The spread betting industry was rocked by the announcement last month of more onerous leverage limits but IG Group Holdings PLC (LON:IGG) has regained equilibrium.

Despite the share price recovery, Barclays thinks IG is still materially undervalued.

READ: Spreadbettors drop as EU watchdog proposes curbs on core business parts; UK regulator expected to follow suit

It notes that the shares peaked at around 957.5p in 2016 before hitting a trough of around 457p towards the end of that year on the threat of tighter regulations, and although the shares are now around only around 20% below that 2016 high, there is still a discrepancy between that 20% mark-down and IG's statement that the new regulations would likely lead to a less than 10% decline in revenue in fiscal 2017.

Barclays' new forecast earnings per share of 46p for fiscal 2019 implies that the shares are now trading on a projected earnings multiple of 15.6, with a dividend yield of 5%.

“In a market where ‘winners’ seem disproportionately rewarded with a high valuation multiple, this rating seems anomalous for a global leader in CFD trading,” the Barclays team noted, as it cranked up the target price to 920p from 650p.

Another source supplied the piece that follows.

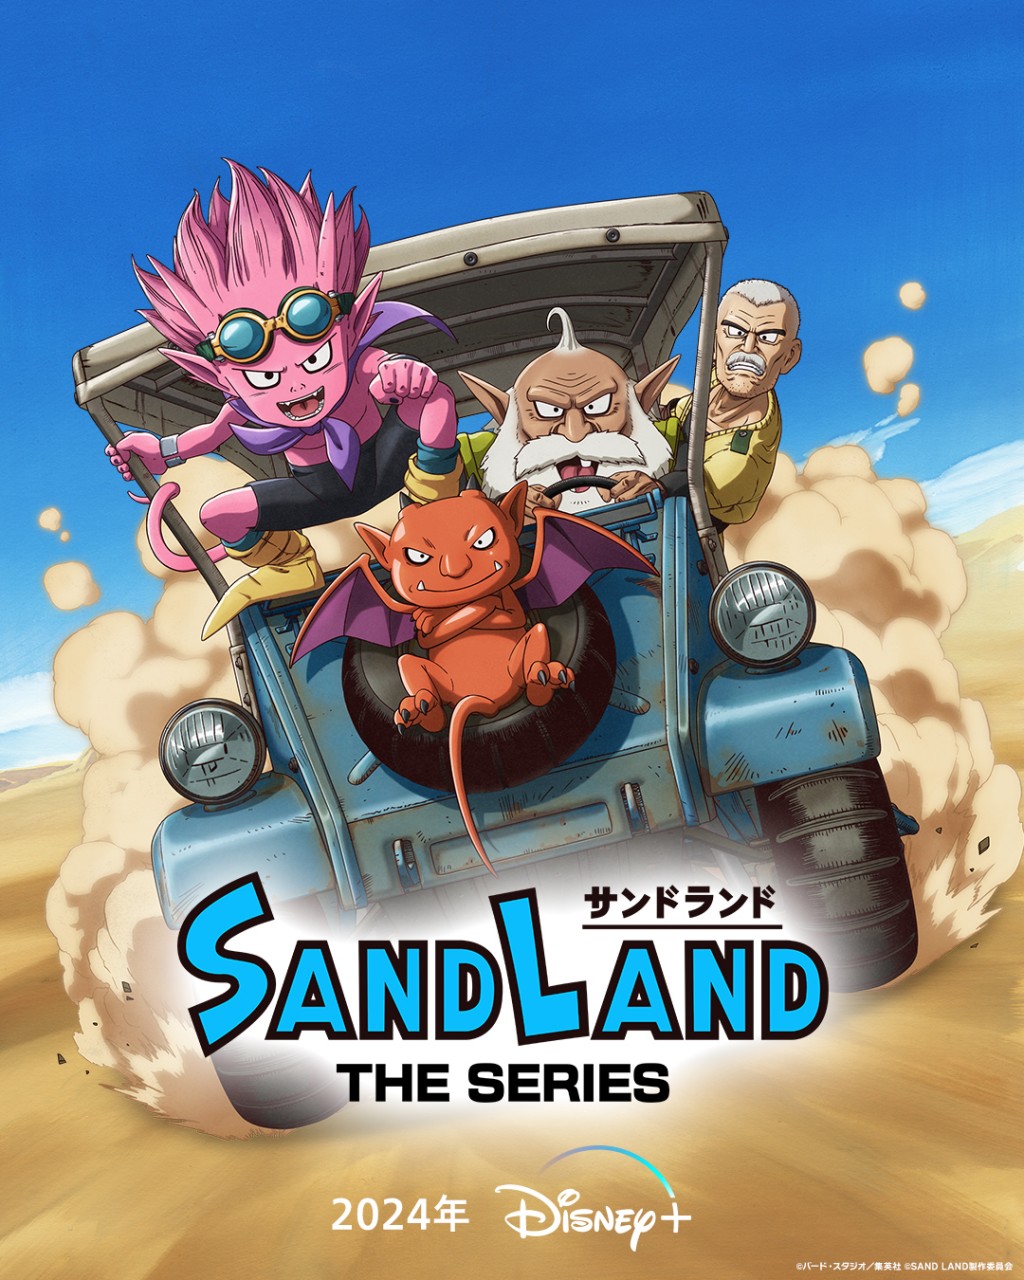 全新日本動畫《Sand Land: The Series》將於2024年春天Disney+ 獨家上線。

“We believe a key debate is whether IG should trade on a higher or lower multiple ‘post regulation’ vs ‘pre regulation’. If the key investment case risk of regulation creates ‘only’ a 10% reduction in FY19 EPS vs FY18, and if there are no further regulatory shocks, then the argument for a higher multiple seems strong. Much will depend on industry dynamics from here. Will IG take market share from weaker competitors now we have a level playing field from a leverage perspective, or will some competitors move offshore and thrive as they evade new regulation?” the Barclays team wonders.

READ: IG Group reports record quarter despite quieter financial markets, although regulatory worries remain

Its upside case assumes no fall in earnings per share as regulation has a limited impact on client activity, in which case a valuation of 1,175p would be merited.

The bear case, which factors in regulatory changes in the UK and EU plus a regulatory hit in Asia, drives a fair value of 475p.